We graduated to sexting and hot and heavy phone sessions. I miss those days! It was like making out, or as close as two people could get to that while a whole state separated us. Mr. Texas and I planned our first encounter, which involved him flying over to Arizona and us getting a hotel room (because I had a roommate). At some point it was revealed to me that when he was 15, he and his friends were stupid – they were playing jumping on and off trains, and wouldn’t you know it, his leg got caught under a train. Mr. Texas only had about 4 inches left of his right femur and wore a very long prosthetic that strapped around his hips. He walks very stiff legged because he does not have enough of his femur left to maneuver a leg with a working knee joint.

Mr. Texas and I had a great first weekend together. It was not a hindrance at all that he was missing a leg, because it actually made room for me if I wanted to get my face in his junk. He was very muscular because he was a serious weightlifter. Mr. Texas’ skin felt just like what I imagined one of those hunks in a beefcake calendar would. I was still very self-conscious about my lack of hair, so he never saw me with my wig off, but the fact that two people with prosthetics actually hooked up was hilarious to me. The only time I had to look away for fear of cracking up was when he got up in the middle of the night to pee. Mr. Texas did not strap on his leg just to go a short distance to the bathroom, but instead he hopped there. Imagine this if you can, but this 6’4″ guy was hopping on one massive tree trunk leg across the room to the toilet. I guessed that he kept on his tighty whitey underwear expressly for the same reason women wear sport bras when they are active – his choice of underwear probably kept his dick and balls from bouncing around.

I made the trek to his state the next visit. He has a very large white cat with some black patches named Sugar, and of course I’m deathly allergic, so we got a hotel room. At the end of my visit, we sat on his couch and watched some TV to kill time in between having to check out of the hotel and go to the airport. I had my head in his lap, gasping and growing hives like weeds all over my face and neck. Sugar came over and at first tried to “clean” my hair (my wig!), and when she started getting frustrated by the long fibers, she completely sat on my head. Mr. Texas thought it was rip-roaring funny and refused to shoo her off of my head.

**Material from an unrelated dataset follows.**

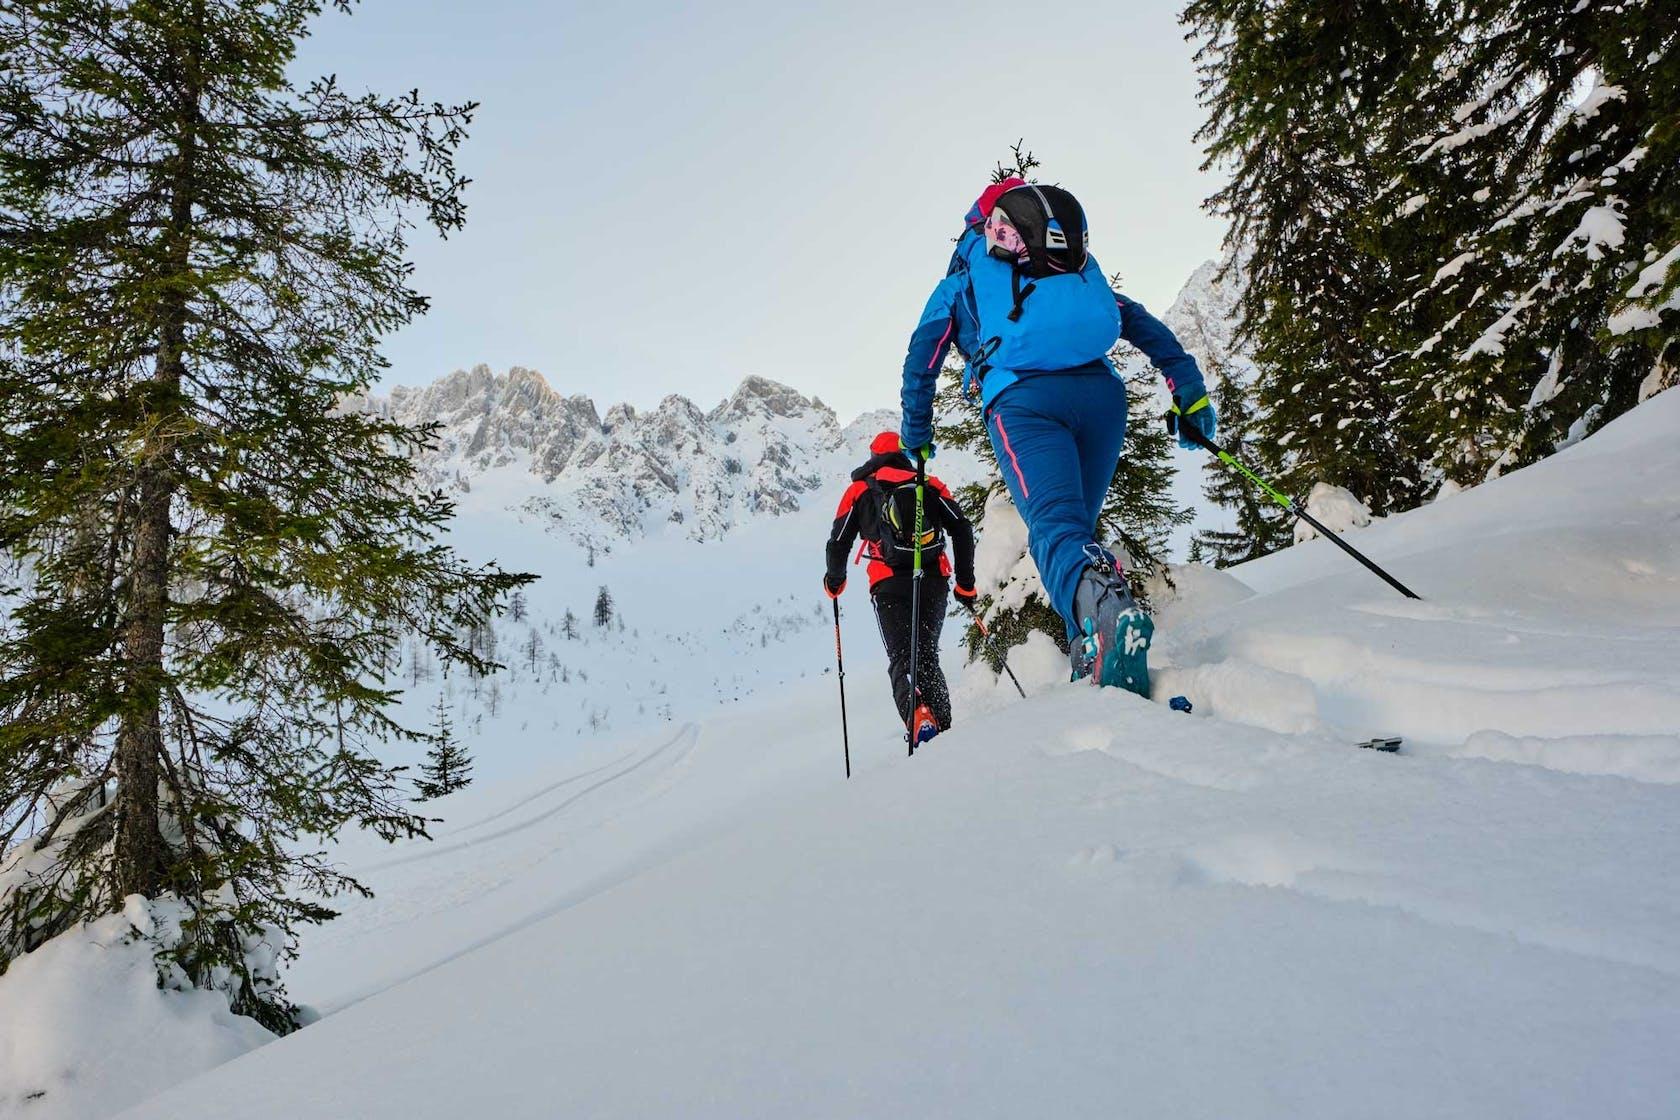 dynafit skitourenskier

By the time we left for the airport, I had looked like I was punched in both eyes and I was snotting copiously, which wasn’t at all attractive.

We took turns visiting each other, alternating who paid for the plane ticket and who paid for the hotel. It was harder to be snappy with him at work because we had been intimate, though I tried hard to remain neutral if someone else in the work group would fight with him. We even talked marriage; he’s never been married, and neither have I, but it was something we discussed as a possibility for us down the road. Mr. Texas was twelve years older than me and held onto this idealized wedding for about thirty years. I remember it had something to do with having twelve groomsmen and twelve bridesmaids, and he wanted the ceremony to be in his parents’ church (which also happened to be where Chuck Norris would attend) – they were hardcore southern Baptists.

Unfortunately, I started feeling like he wasn’t emotionally invested in me. He seemed uninterested in my life away from work and didn’t have much to say to me when we weren’t banging. Mr. Texas also used to complain that the claim “spiritual but not religious” was not a valid belief system; you either attended church or you didn’t – and I didn’t! That shot his big church wedding to pieces.

So one week when I felt like a single woman anyway because of his disinterest, I called it off. Unfortunately, two days later the bank laid him off.

I didn’t hear from him for a couple of years, but then he started texting me again. This time around I know there is no emotional connection at all, he just likes talking about his penis and where he’s going to put it. Mr. Texas also sends pictures of his fat sassy cat Sugar, sometimes even videos of her purring, always signing off by saying that he’d like to pet my kitty. In a way it’s flattering, but in another way it’s exhausting. He doesn’t have any concept at all of what I’m going through. I can’t get excited about Mr. Texas and his dirty talk when my abdomen feels like it’s being stabbed for six hours straight.

What I wouldn’t give to be able to fly to a lover again.